What is on offer are rewards for pledges which range from £10 – for which you get a credit in the programme and “a super stylish signed poster of the show” – to the £750 Hank Marvin option. This got me quite excited at the thought that the legendary guitarist had been got on board, but it turned out to be the rather more prosaic pitch:

It won Buxton New Writer Award

You too could have this in your home…

“How large is your living room? For the divine sum of £750 we’ll come and perform the entire play (complete with our own lighting and sound system and the chaps that come with them) at a mutually convenient time and date. Although you have to live within a reasonable travelling distance (i.e. a couple of hours) of Sheffield or be willing to attend a venue that we hire!”

Jeremy Fletcher told me yesterday: “I have Tweeted Richard Branson to see if he fancied this, but I guess he must have been otherwise engaged.

“Our theatre company was formed last year ahead of the Buxton Fringe,” he continued. “It followed a Belgian beer induced conversation between Gareth Watkins and me about him having a life-long ambition to act and, coincidentally, me having a life-long ambition to write for theatre. Amongst other things, Gareth has been a Deputy District Judge and a long term resident of Cressbrook in Derbyshire.

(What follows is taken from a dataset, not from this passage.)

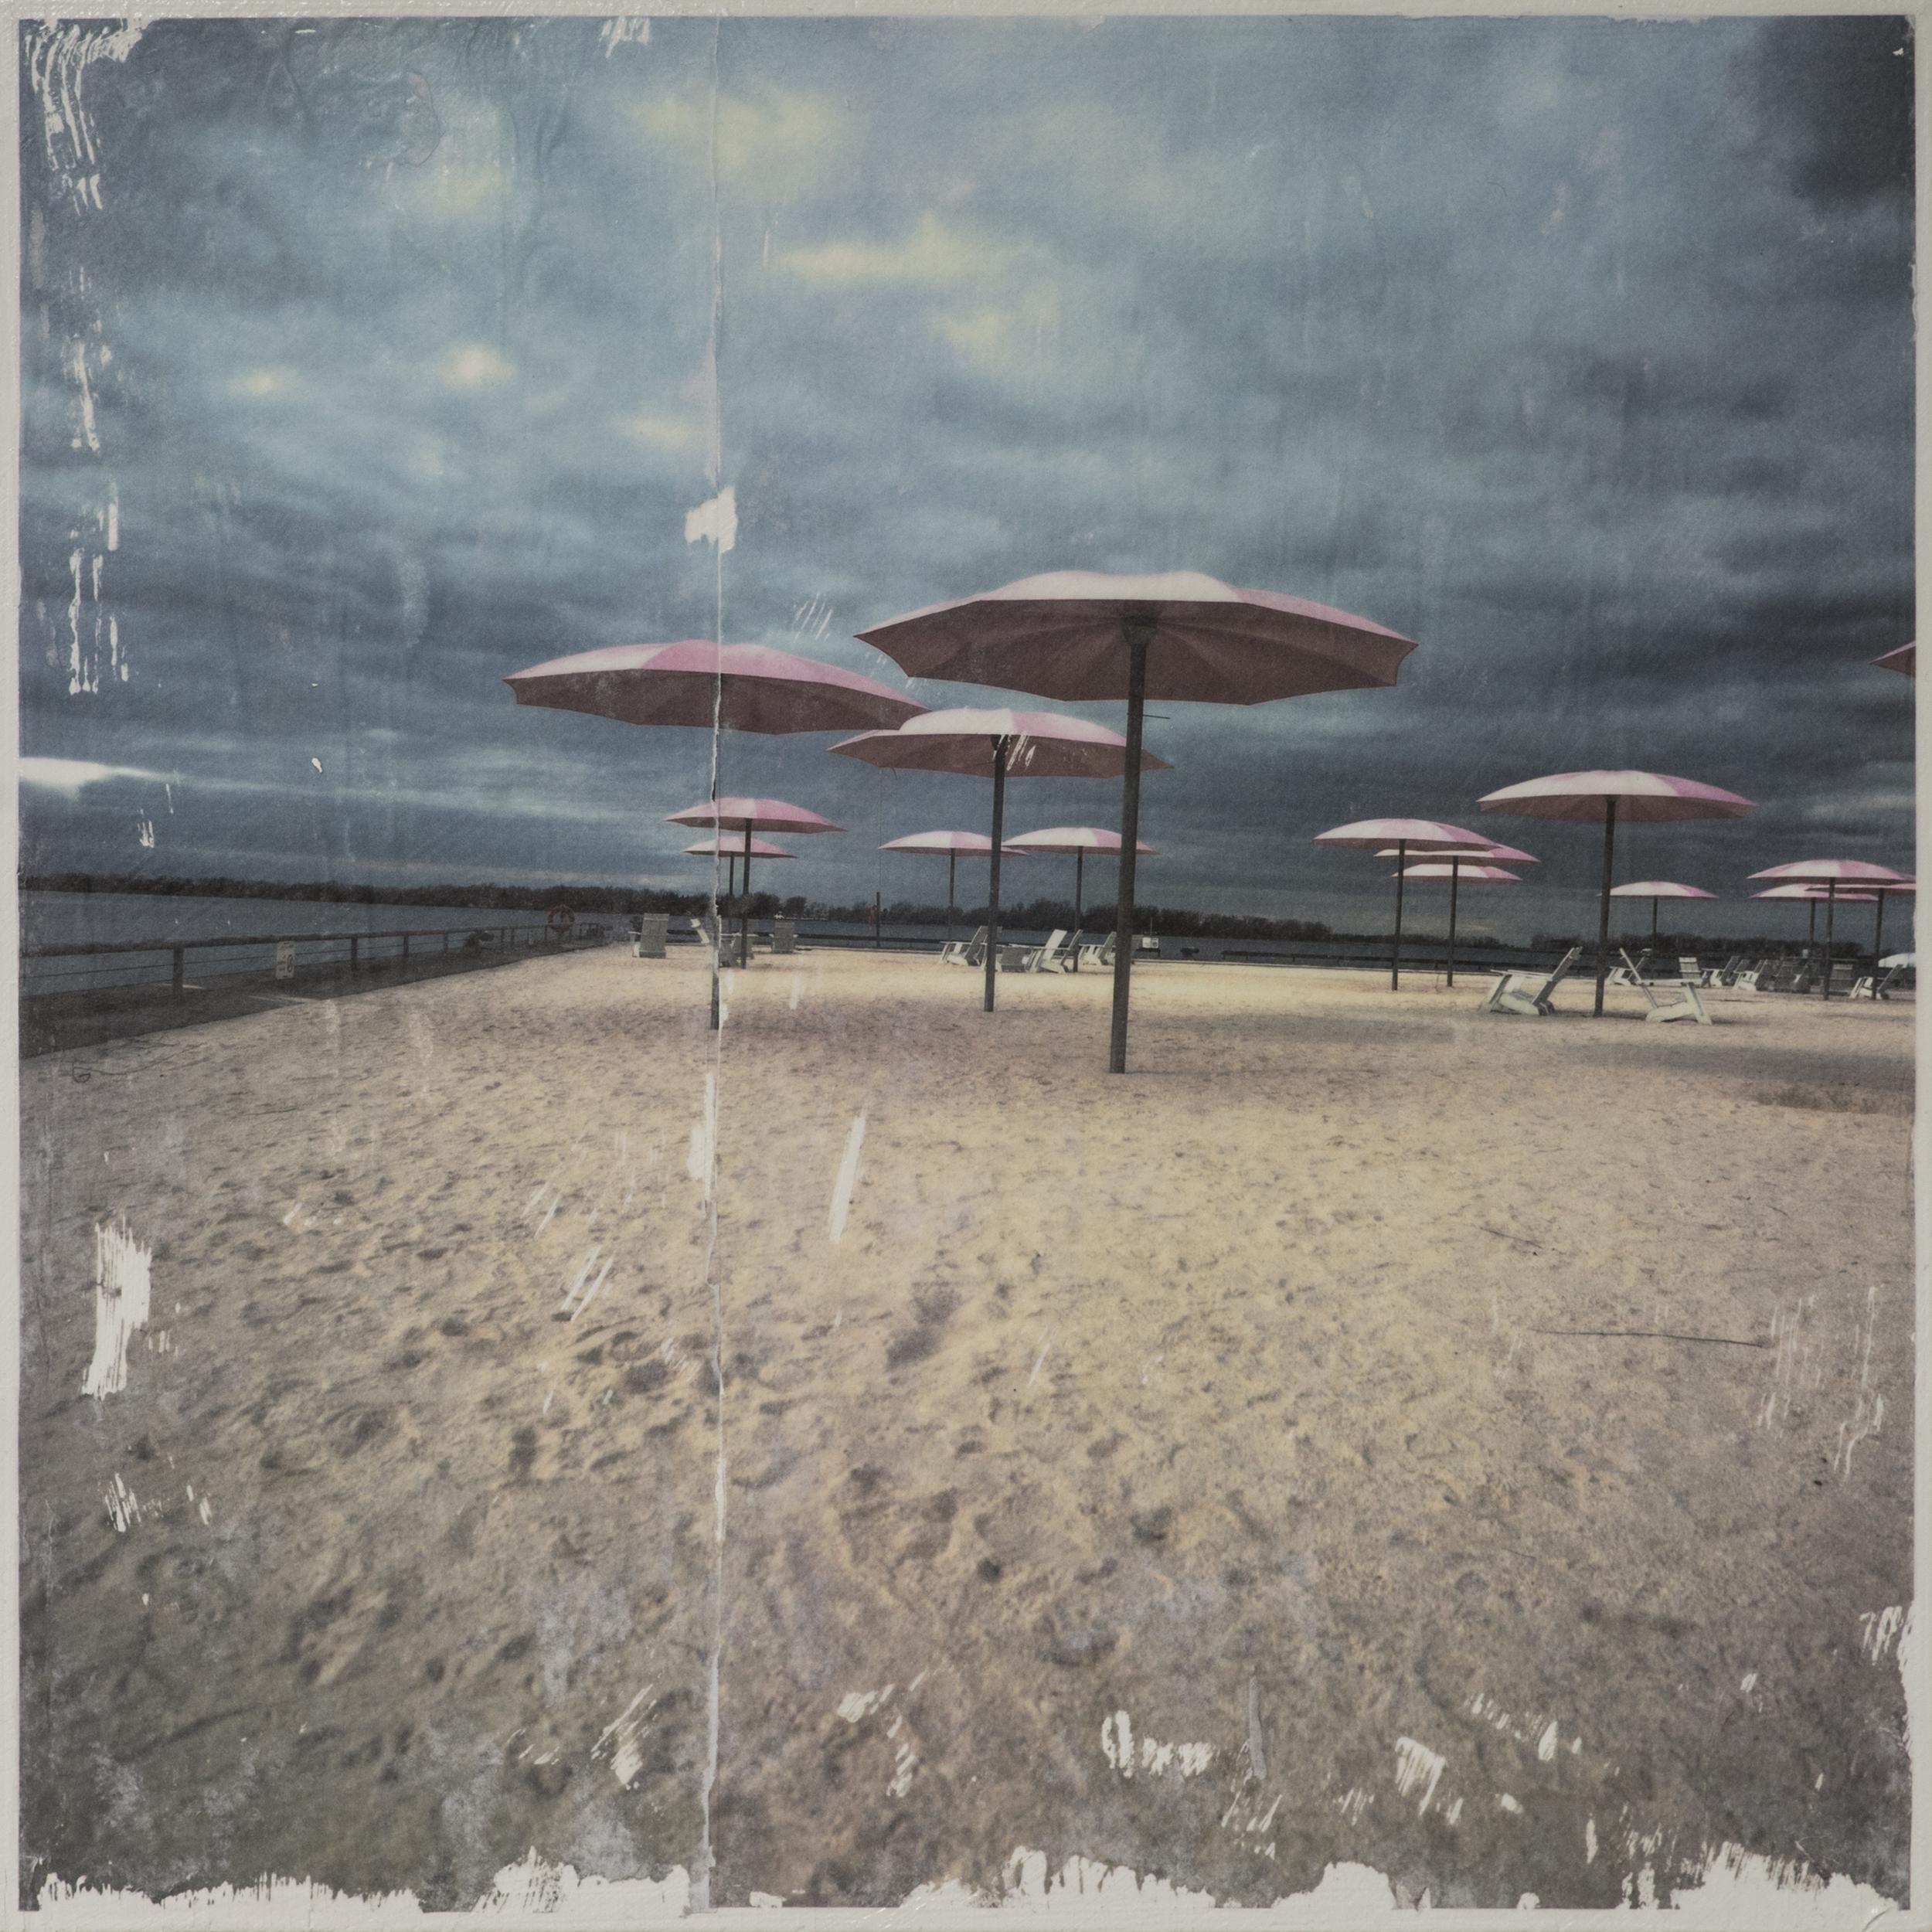 """Sugar Beach""  15x15inches - Gel medium transferred photograph"
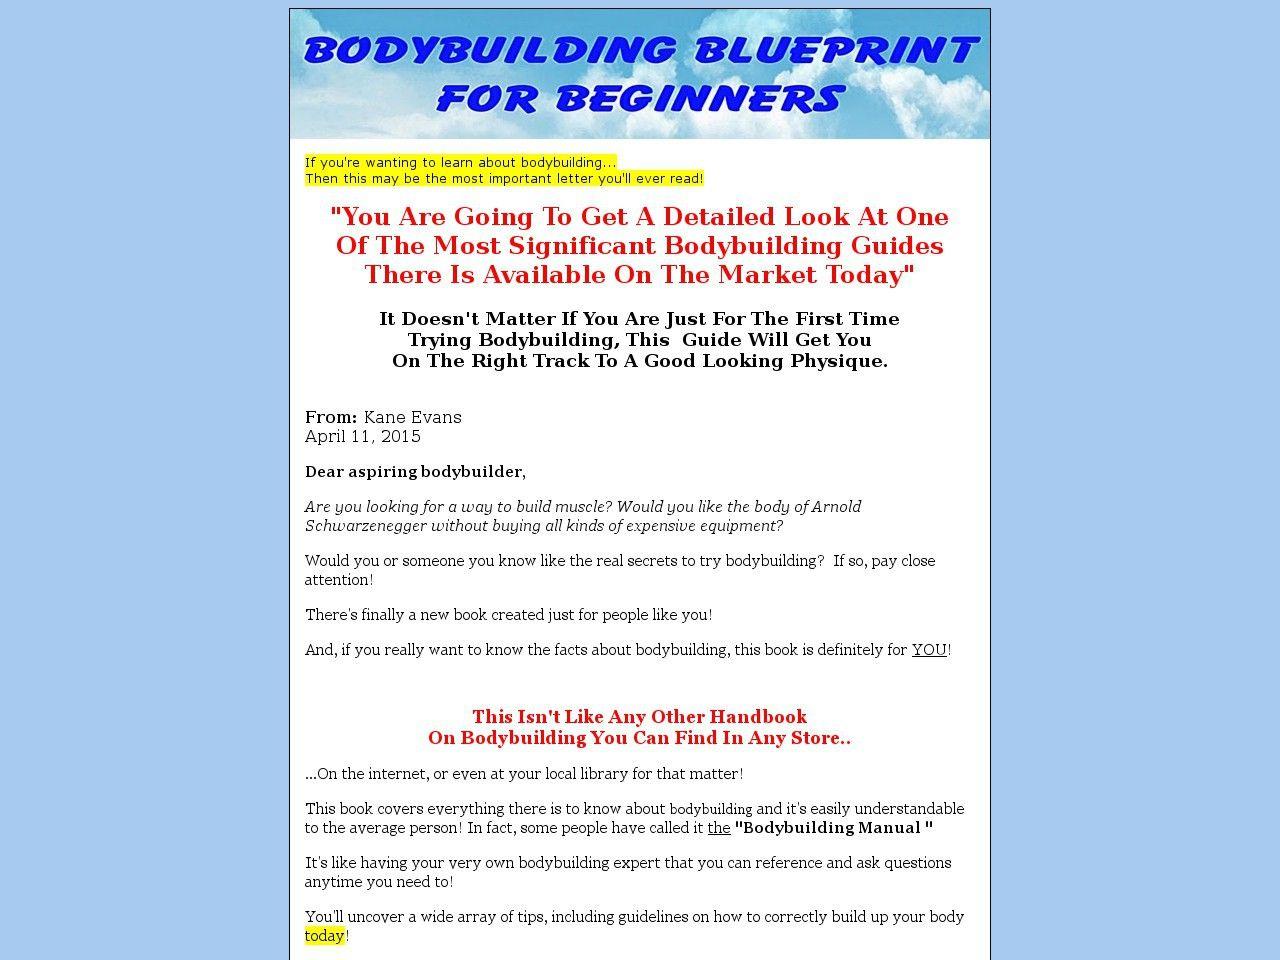 Get bodybuilding blueprint for beginners httpvnulablab get bodybuilding blueprint for beginners httpvnulab malvernweather Images

“I wrote the play with Gareth in mind. It was originally supposed to be 40 – 45 minutes of horror but, having been seen by a couple of reviewers in Buxton, they seemed to consider there was more to it. With hindsight, I’m not surprised that the reviewers took more from the play than I had originally anticipated. Whilst the play is far from being autobiographical, it appears that I did draw on some very dark times and feelings that I’d experienced in the past.

“I suspect this bit won’t be the stuff of blogs…” he continued, perhaps revealing he has not read many of my blogs…

“… but the dark times related to a wave of mainly cancer-related deaths of seven members of my immediate family – aunts, uncles, parents and grandparents – over a five year period from 1998 to 2003. Being an only child, the most brutal part was that my mum was diagnosed with cancer in 1998, aged 49, survived for five years (until her death in July 2002) with my dad being diagnosed with lung cancer six months later, dying in November of 2003 (aged 55).

“Hopefully, I’ve stopped short of self-pity, suffice to say that I’ve found writing to be enormously therapeutic and enjoyable.”

That, to be honest, had me hooked as the background for writing a play. I might go see Shadow On Their Wall at the Fringe this year.

To repeat, yet again, the late Malcolm Hardee’s oft-used and eternally-wise intro to unknown open spot acts at his clubs: “Might be shit. Might be good. Who knows?”

Nigel Farage in The Times today

Nigel Farage in The Times today after UKIP’s big election wins yesterday

But “Might be worth watching” is good enough for me.

Talking of which…

This morning, I woke up to a message saying that someone billing himself as ‘Assistant to Nigel Farage MEP’ – the leader of the UK Independence Party – would like to connect with me on LinkedIn. Of course, I immediately did.

I always enjoy encountering interesting people.

The Chinese saying “May you live in interesting times” is not always a curse.